Offshoring security? India still hot

MUMBAI: When companies offshore business processes, they are putting their consumers' most sensitive personal information at risk - and there's little consumers can do about it.

Unfazed by the recent BPO frauds, the Indian Information security system is still considered the 'best' when compared with the US and UK, according to a NASSCOM report.

Offshoring of services has increased rapidly in the recent years, leading to the export of critical data to offshore destinations. This has brought the issue of data security to the fore, with companies and individuals in the West raising concerns around the security of proprietary information and the confidentiality of personal data being offshored.

The process of offshoring has created a few controversies in recent years, due to job losses in the US and the UK. The recent months have seen a spate of protests from US and UK labor unions against the offshore movement of jobs. US senators and union activists have also been agitating for protectionist measures against offshore outsourcing.

Increased opposition to offshoring from developed countries has brought the issue of data security to the fore. Anti-offshoring lobbyists are raising concerns around data protection, confidentiality of private information, and protection of intellectual property.

People are worried about identity theft, whereby a person wrongfully obtains and uses another person's personal data (social security number, bank account or credit card number, telephone calling card number, etc.) in a way that constitutes fraud or cheating, typically for monetary gain.

Many companies cite security concerns as a hindrance to outsourcing. A study conducted by the Wharton Business School established that security concerns and vendor viability were the key reasons hindering 95 percent of the companies in the US, with revenues of US$100 million- US$4000 million, from outsourcing to offshore.

The study done by NASSCOM reflects that companies have rarely faced any problems around data security, data protection or confidentiality while offshoring to India.

A few companies even claimed that India is the most stable of the various offshore locations. Companies believe that India has a stable government and a stable economy, with a large labor pool of educated individuals, and can provide adequate protection.

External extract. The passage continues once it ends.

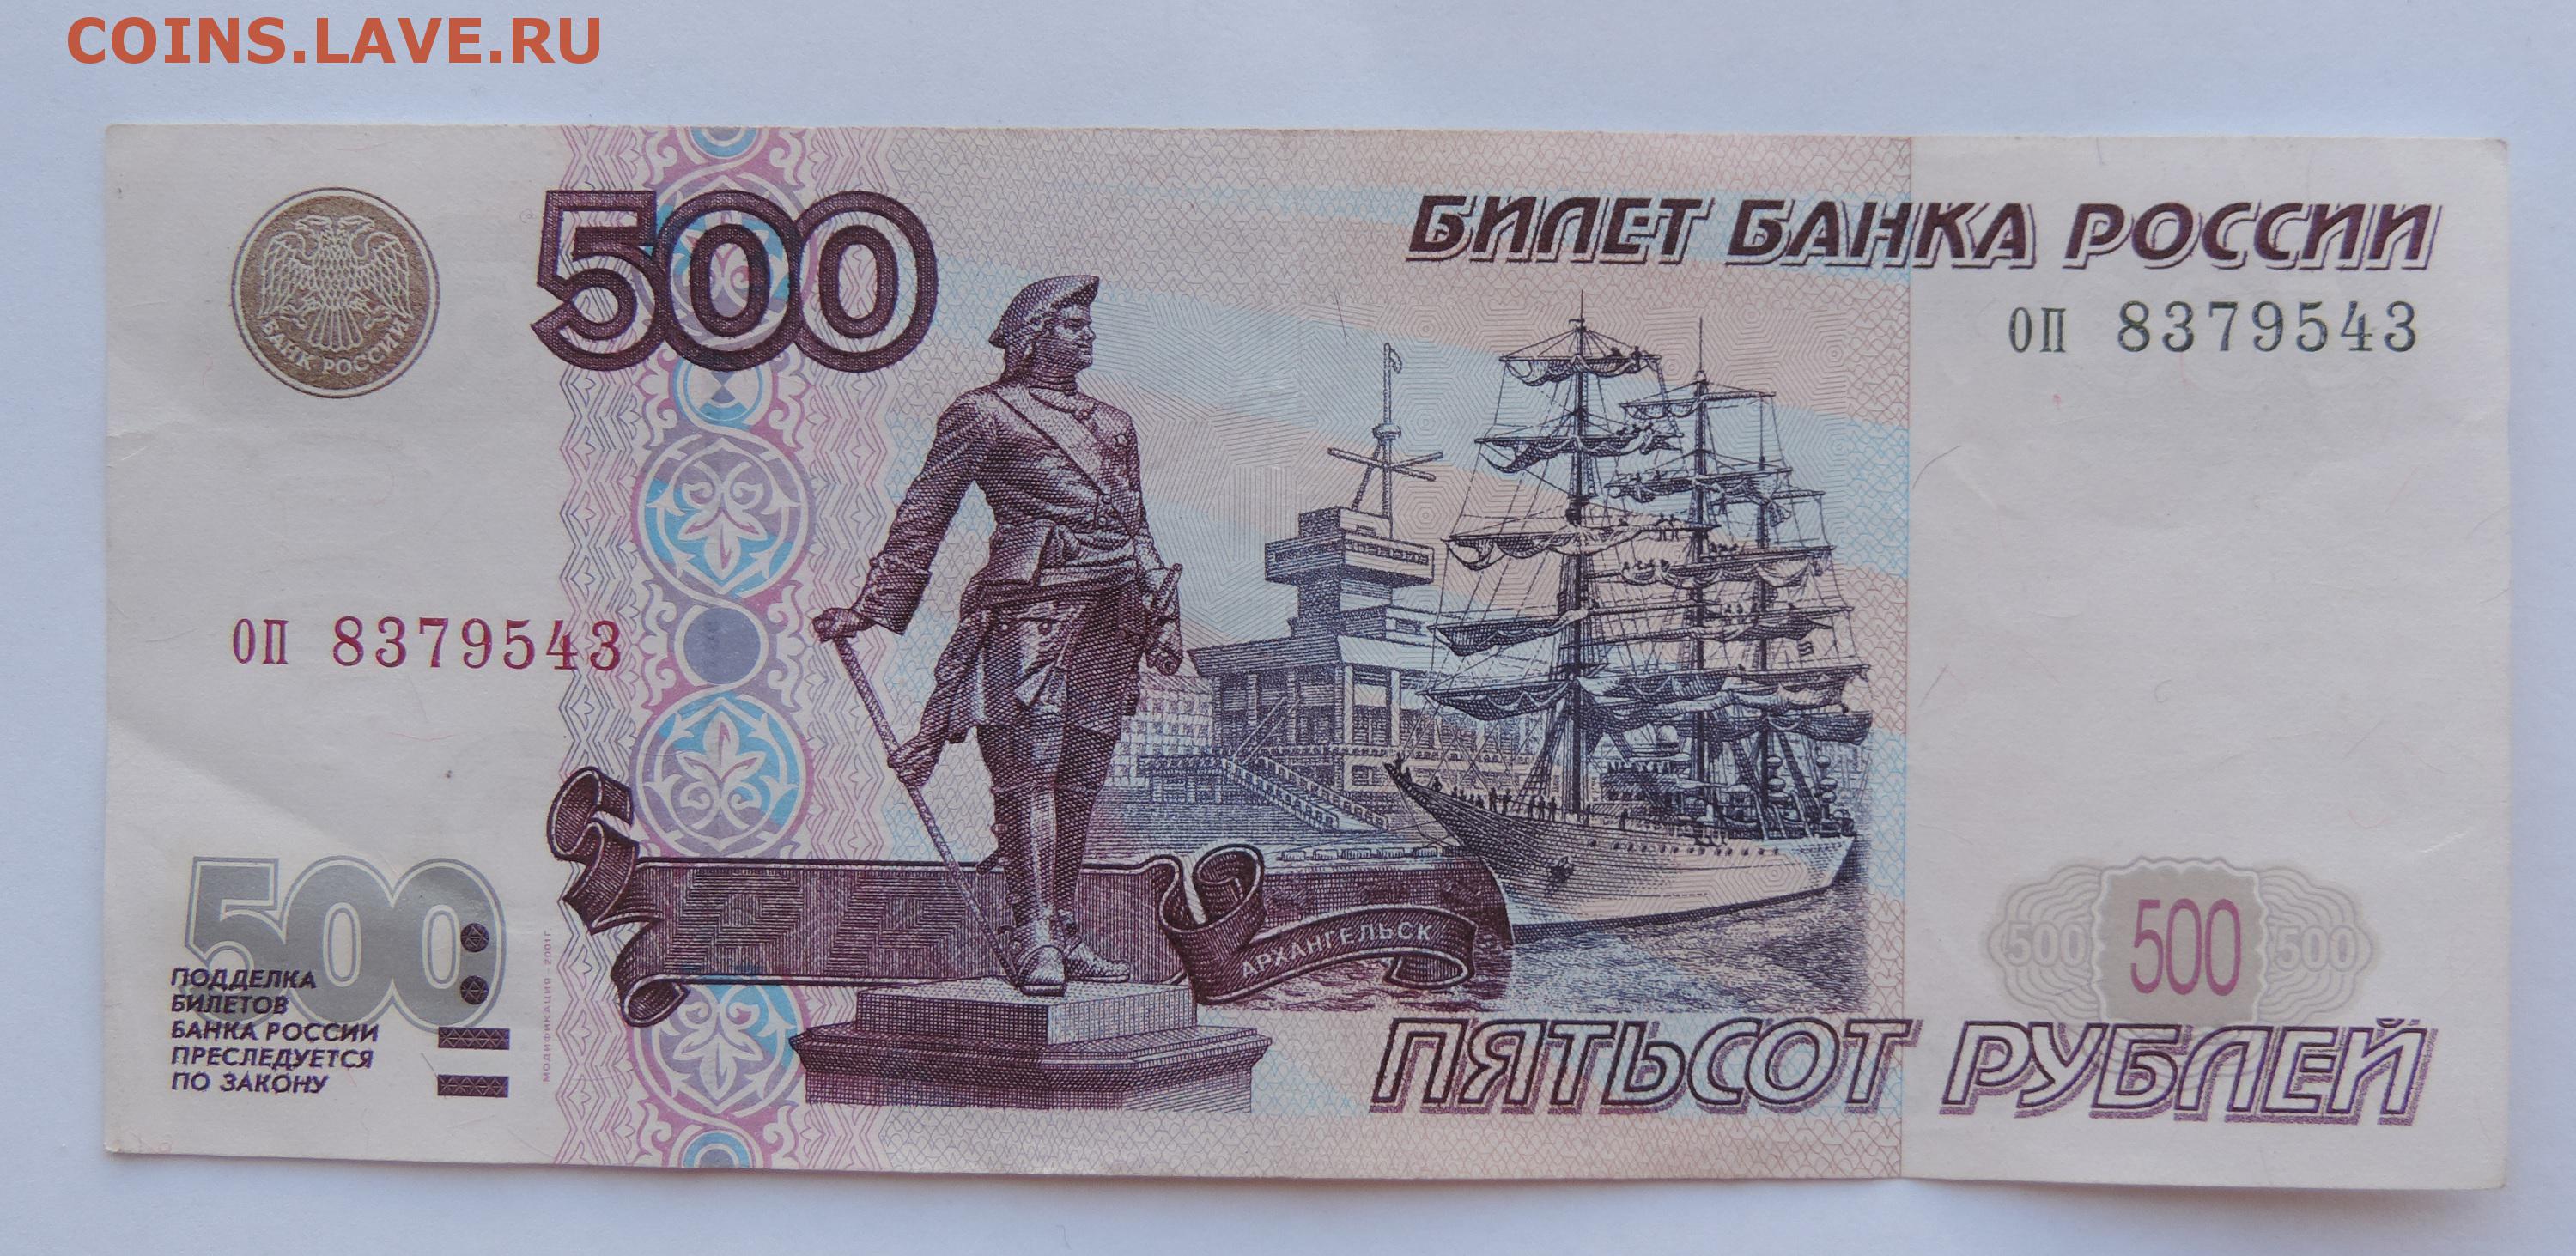 300 500 рублей. Купюра 500 рублей. 500 Рублей. 500 Рублей с корабликом. Купюра 500 рублей с корабликом.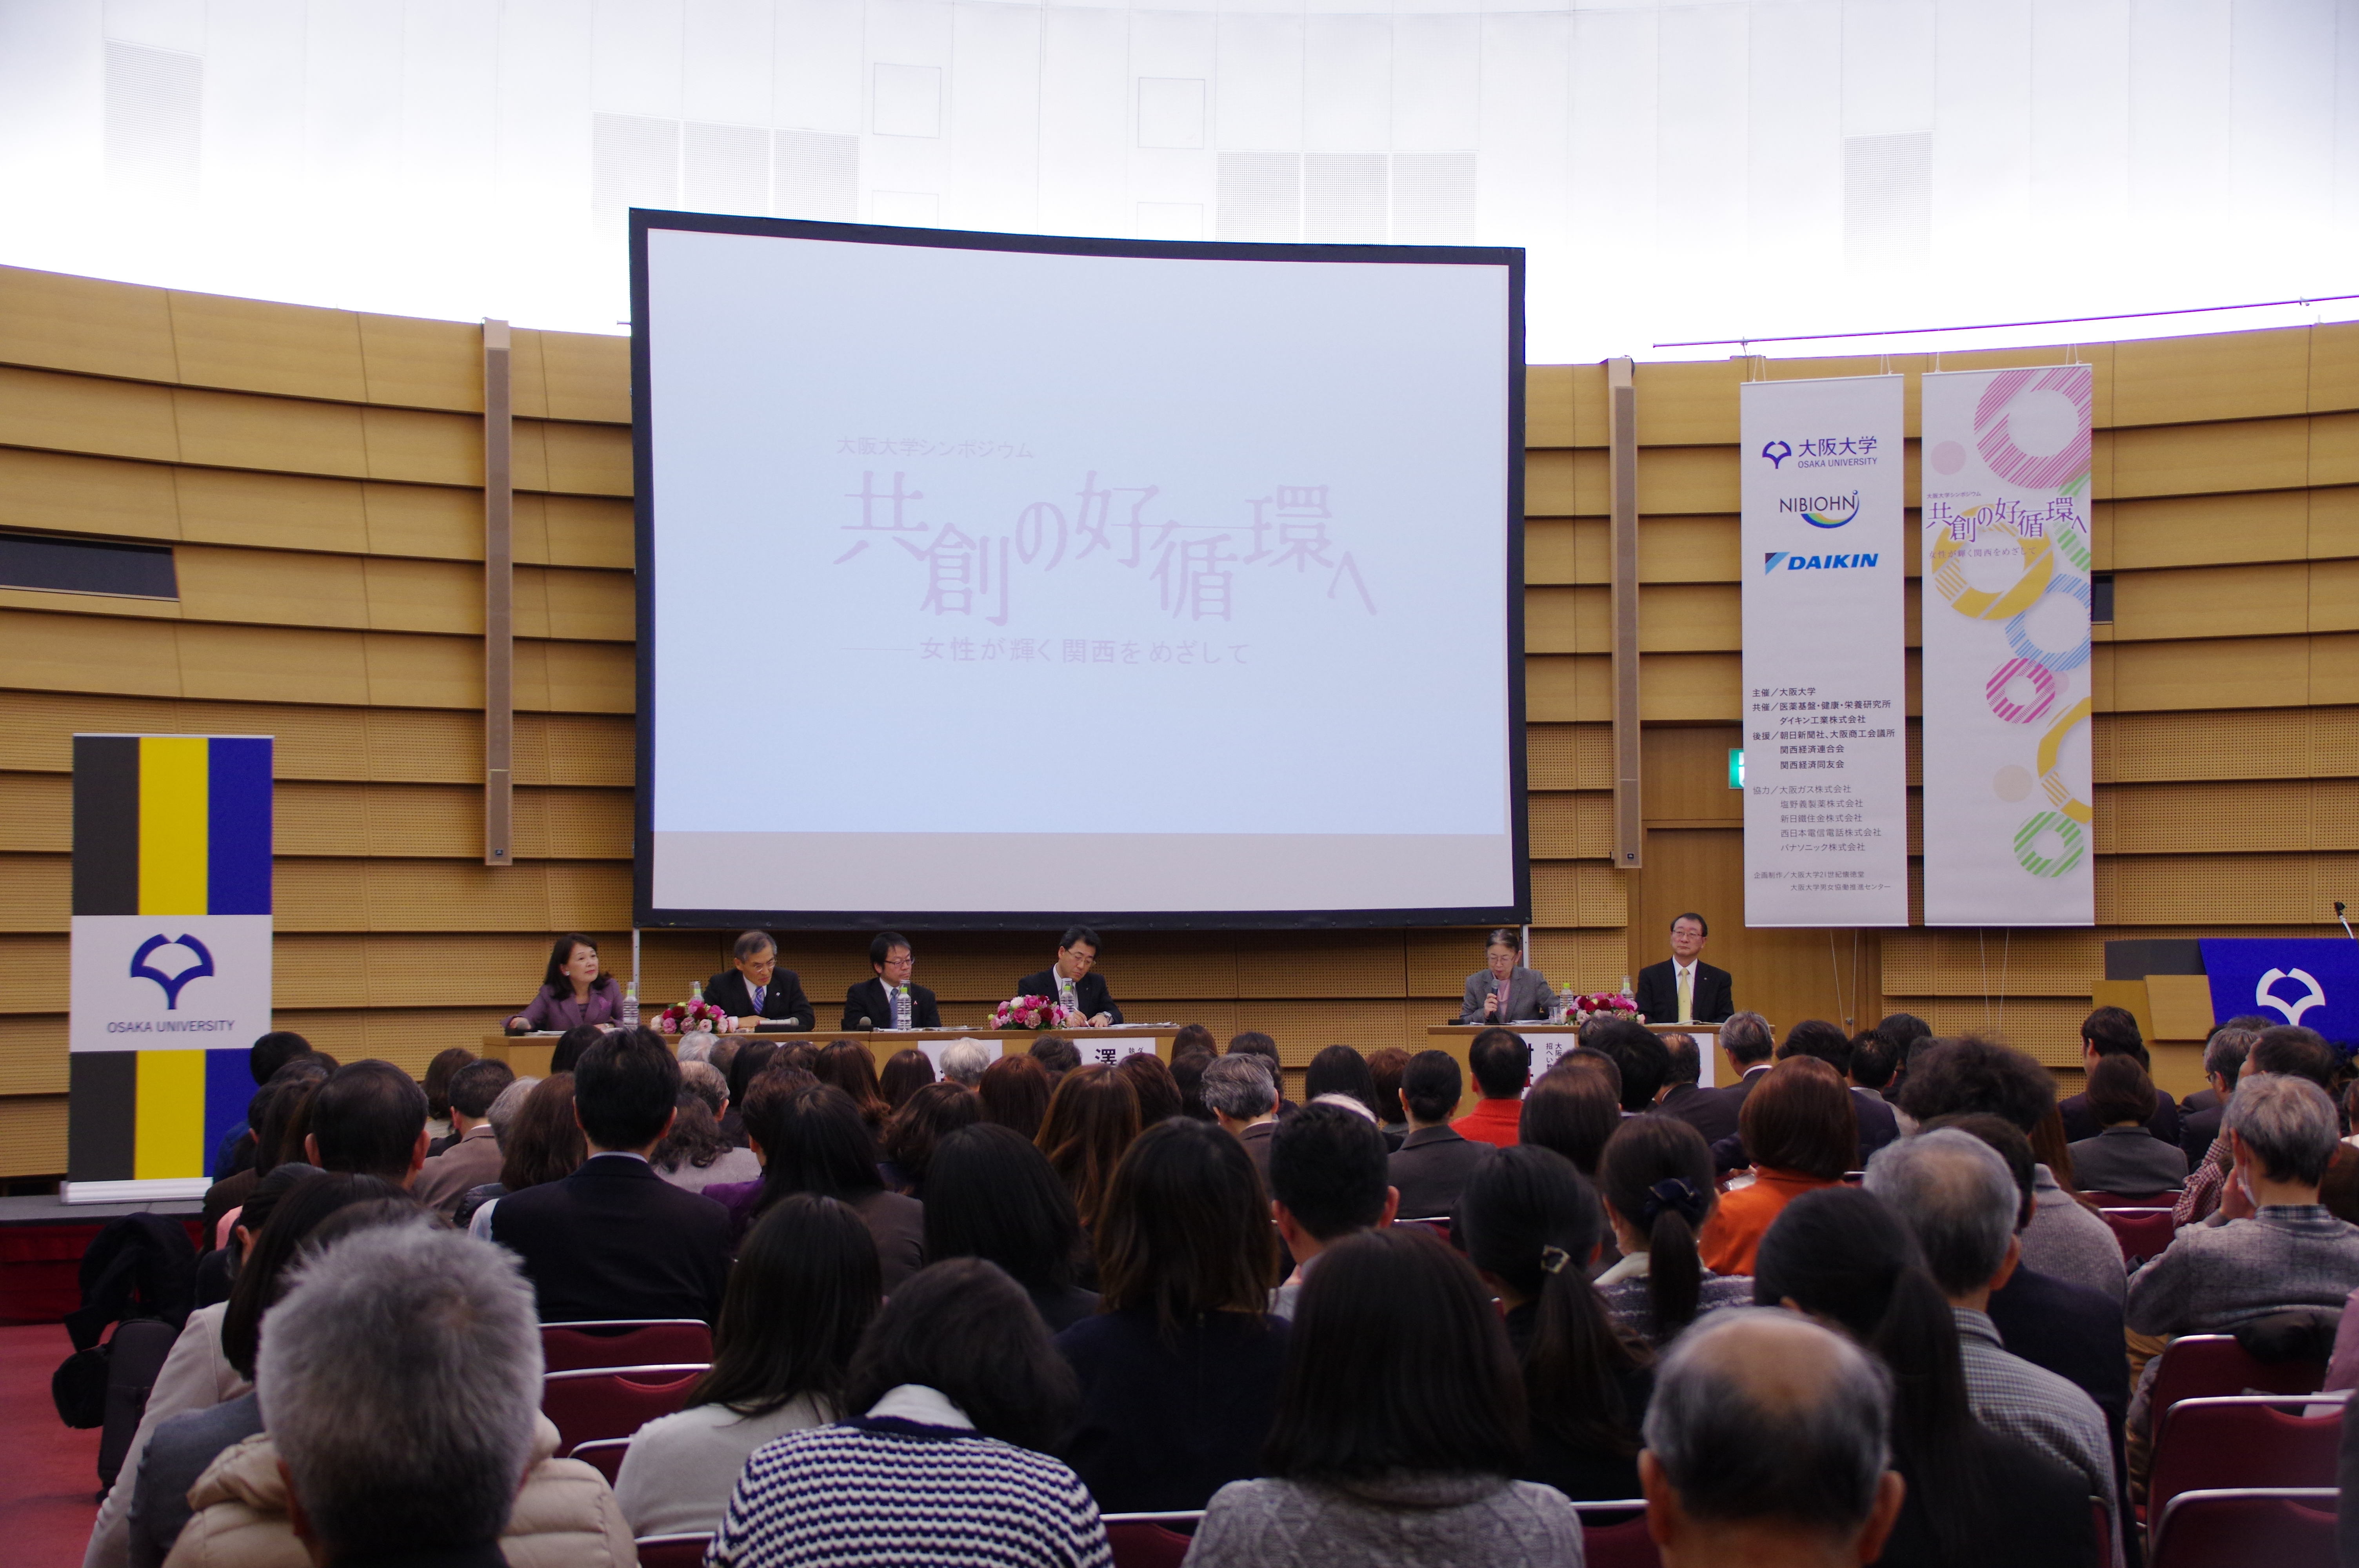 「大阪大学シンポジウム」を開催しました

The potential threat of an employee stealing sensitive information and selling it to a competitor is the same anywhere in the world. In the US, too there are many reports of unauthorized persons having swindled funds out of a person's financial account.

However, due to lack of laws to deal with such incidents is a concern among companies offshoring work from the US and the UK.

The study identified various security-related expectation that companies in the US and the UK have while offshoring work to remote destinations such as India. Their expectations can be categorized in terms of regulations and practices.

The study also revealed that companies are worried about the absence of specific data protection laws in countries such as India.

Companies fear that due to the absence of such laws, personal and confidential information is readily accessible since there are no strict guidelines. This might give commercial advantages to companies and individuals at offshore destinations. Companies feel that India should have internationally recognized laws, which are in line with those in the US and the UK.

At present, in the absence of specific data protection laws at offshore destinations, companies take various measures to ensure security such as signing contractual agreements with relevant suppliers, appointing internal auditors and hiring external consultants, conducting compliance programs for vendors, arranging security training for vendors, etc.

Projects undertaken by Indian government

The Indian government is working on some specific R&D projects to address current and future security needs and that includes futuristic technologies in Secure Computer and Communication Infrastructure at the Tata Institute of Fundamental Research, information Security Management Training and Certification Kernel, ISM: TRACK, at STQC, New Delhi, which aims to increase security awareness and provide third-party certification services, development of core network security technologies for E-Commerce at C-DAC, Pune.

Further, the group is also working on network security technologies such as C-DAC's Virtual Private Network (C-VPN), a crypto package (C-Crypto), and prototypes of eCommerce applications to showcase the other two technologies, development of Validated Security Processes & Methodologies for Web-based enterprises at Jadavpur University, Kolkata, Protocols and Standards for E-Cheque Clearing and Settlement at IDRBT at Hyderabad -- are working on the security challenges of online payment systems and design and development of a Transparent Solution for Securing Networks and Systems at CDAC, Hyderabad.